# Records for this task
··········

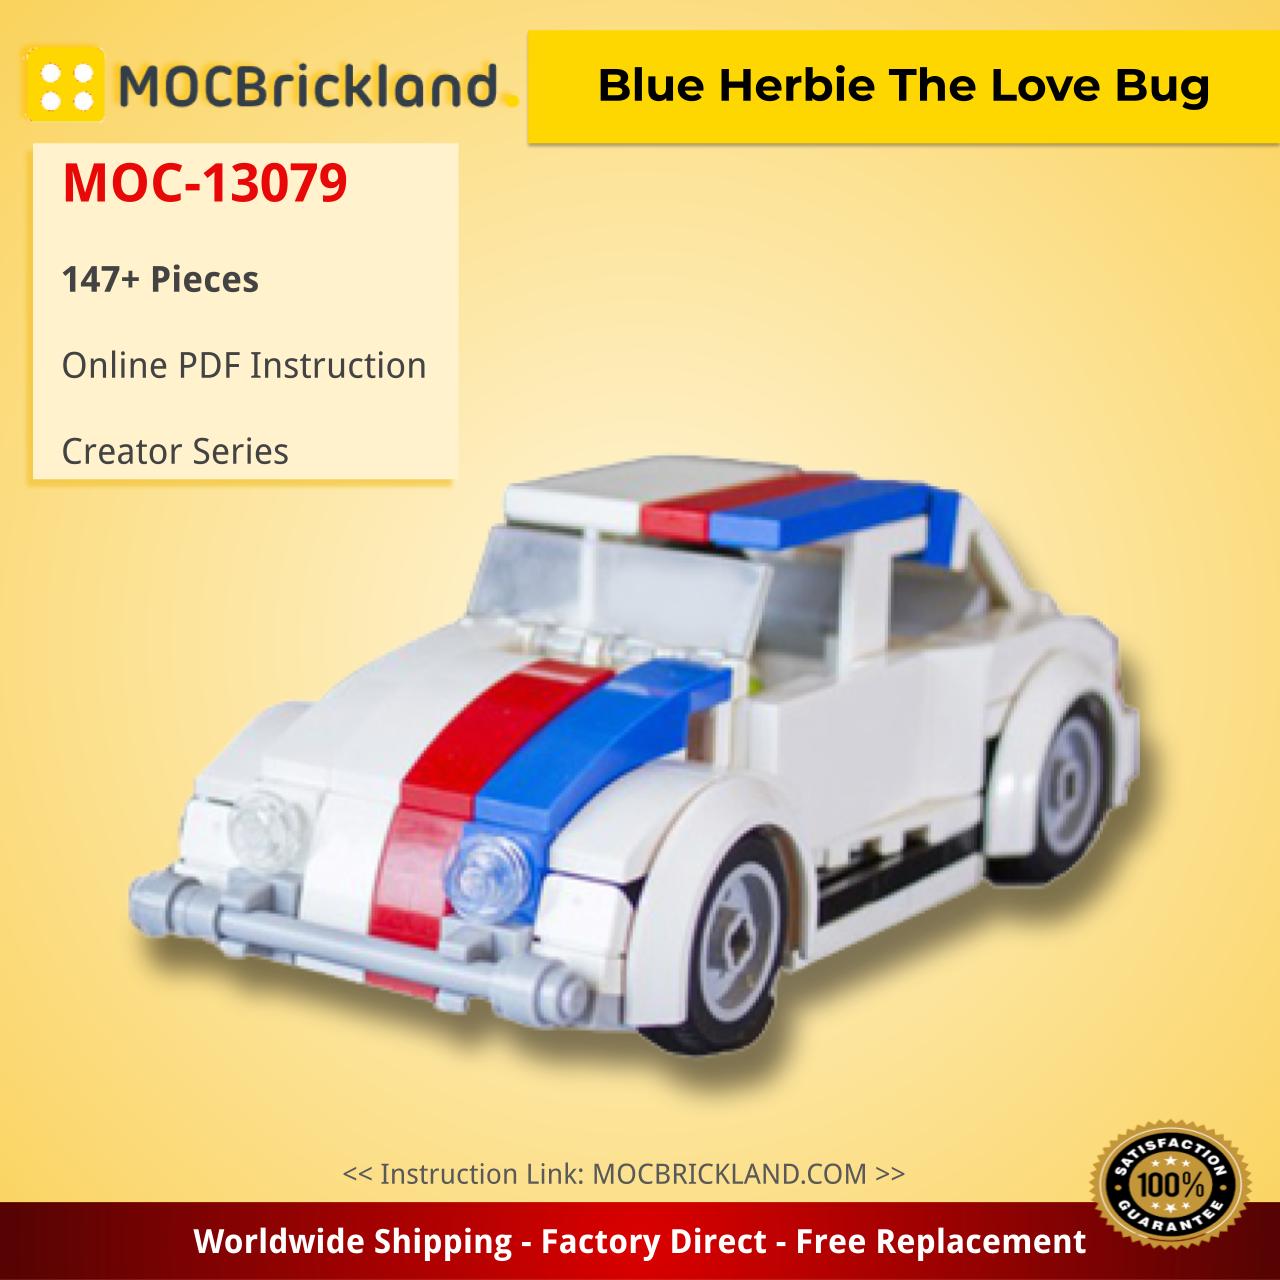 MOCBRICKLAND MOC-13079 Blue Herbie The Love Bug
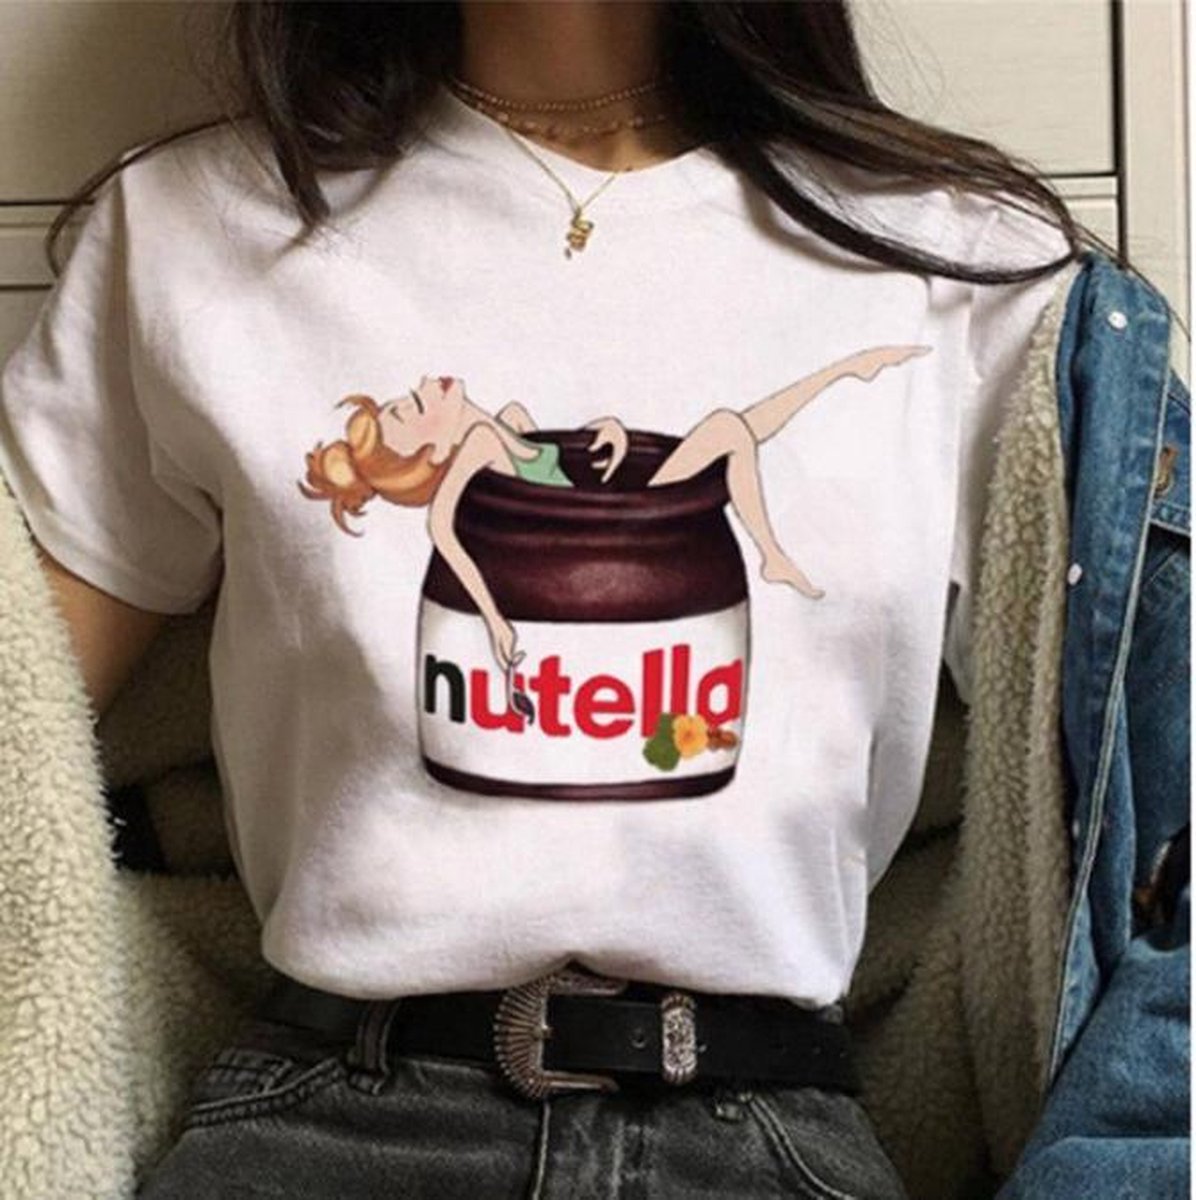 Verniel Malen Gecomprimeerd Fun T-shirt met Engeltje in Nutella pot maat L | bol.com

··········

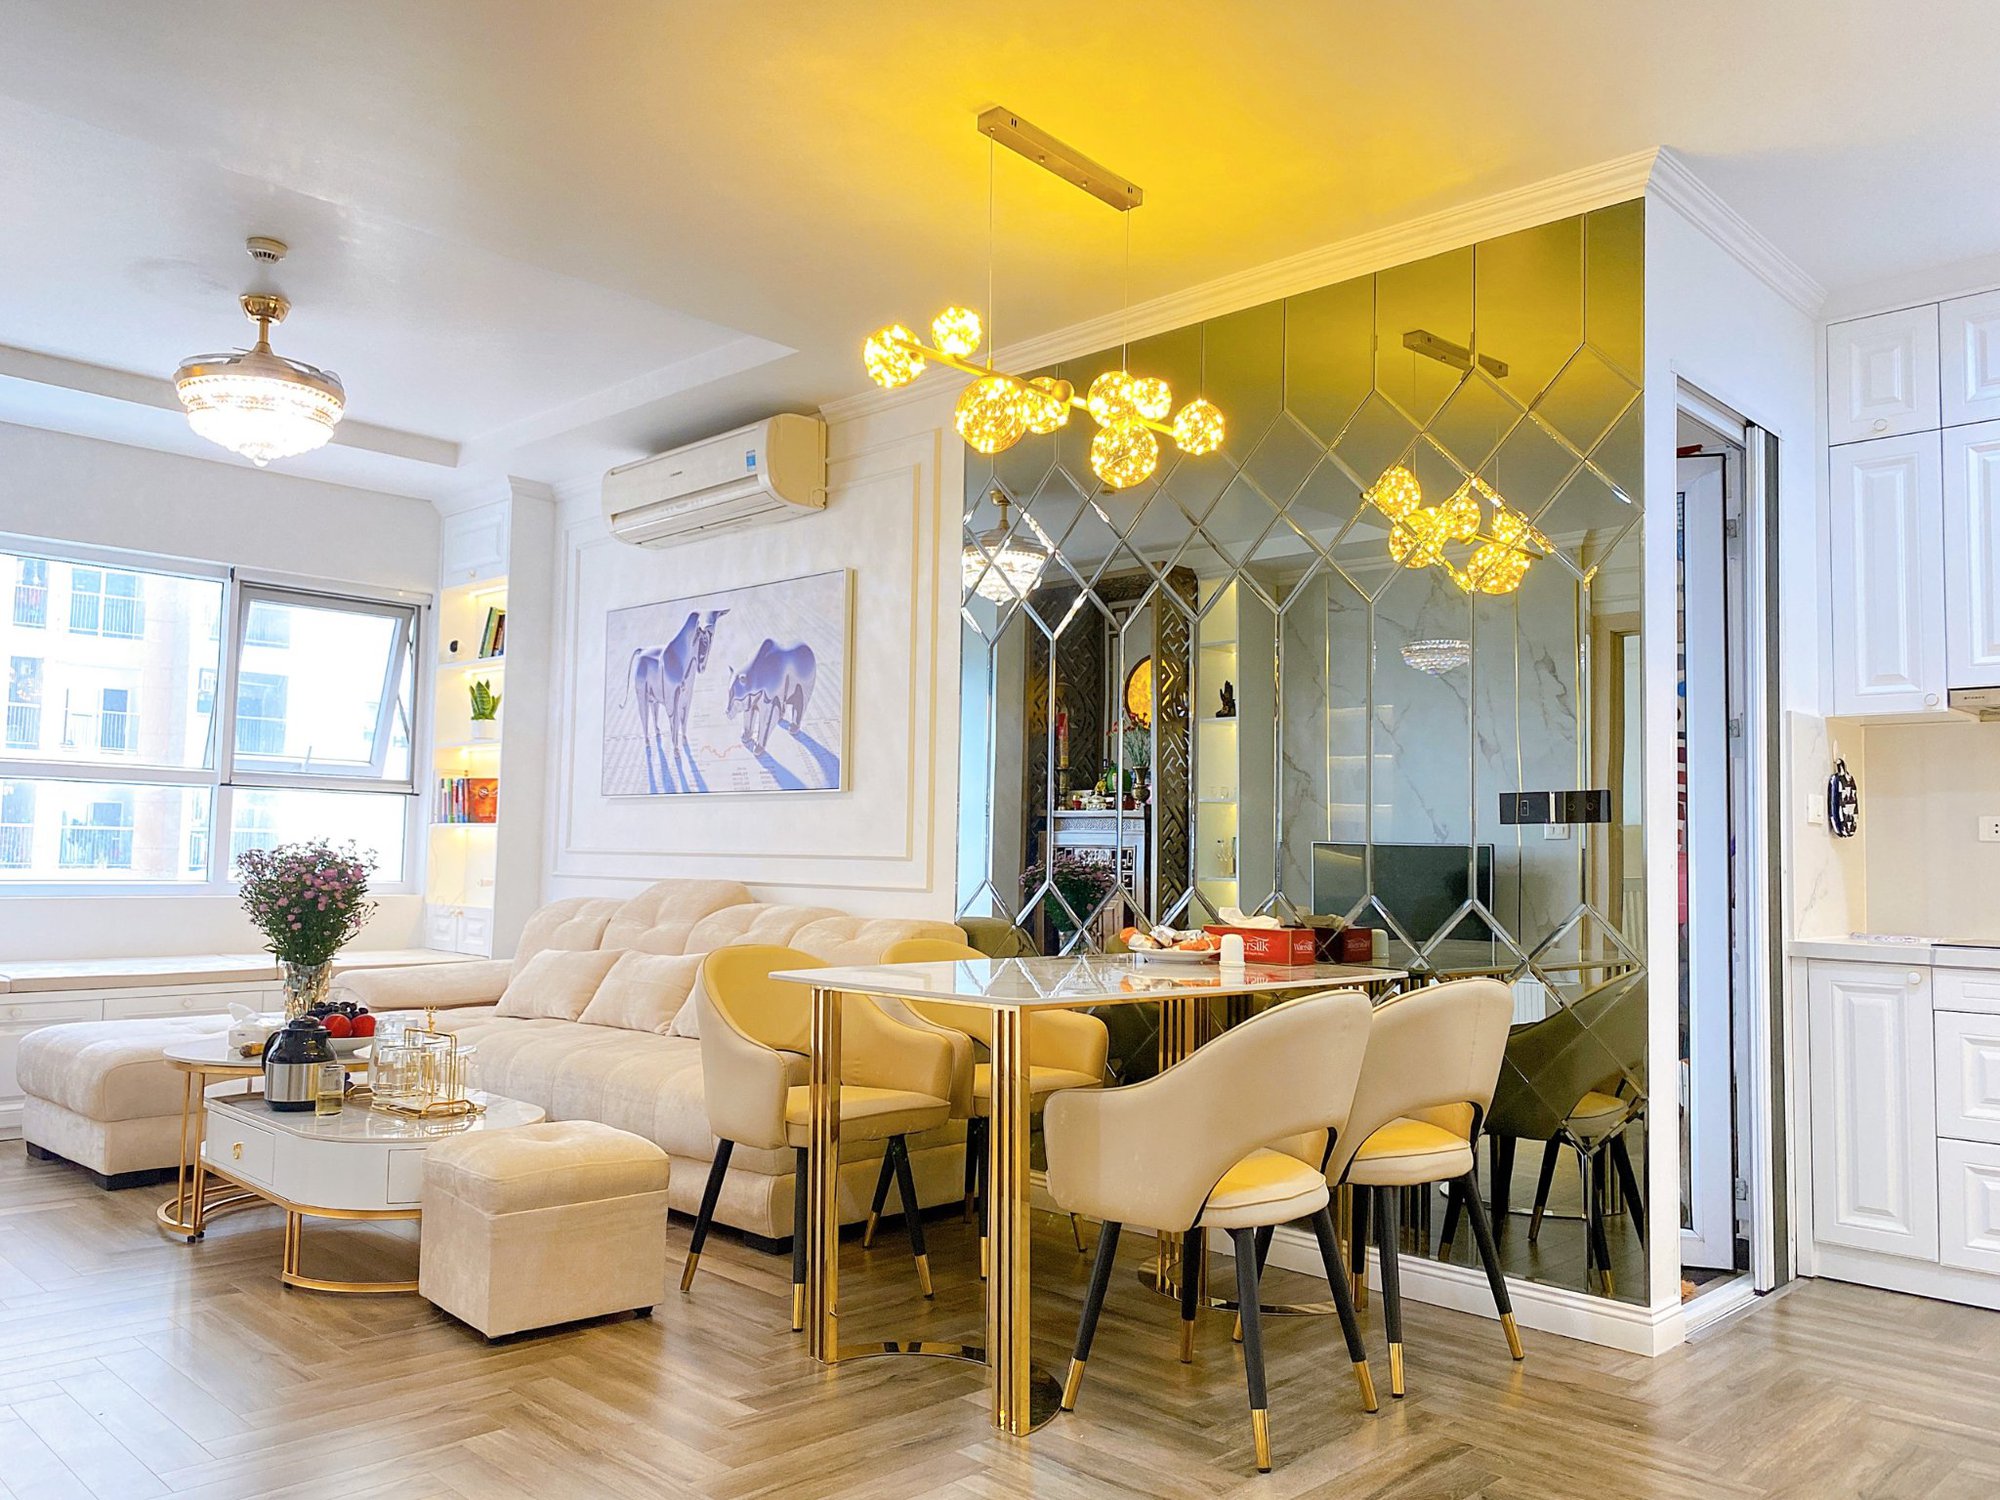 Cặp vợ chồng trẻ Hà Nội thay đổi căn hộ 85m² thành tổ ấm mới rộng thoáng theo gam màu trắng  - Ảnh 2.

··········

# Try it
Exercise for the records above: copy only the lines from the one with "MOCBRICKLAND MOC-13079 Blue" to the one with "Verniel Malen Gecomprimeerd", both ends kept, and drop the pictures.

# Answer section
 MOCBRICKLAND MOC-13079 Blue Herbie The Love Bug
 Verniel Malen Gecomprimeerd Fun T-shirt met Engeltje in Nutella pot maat L | bol.com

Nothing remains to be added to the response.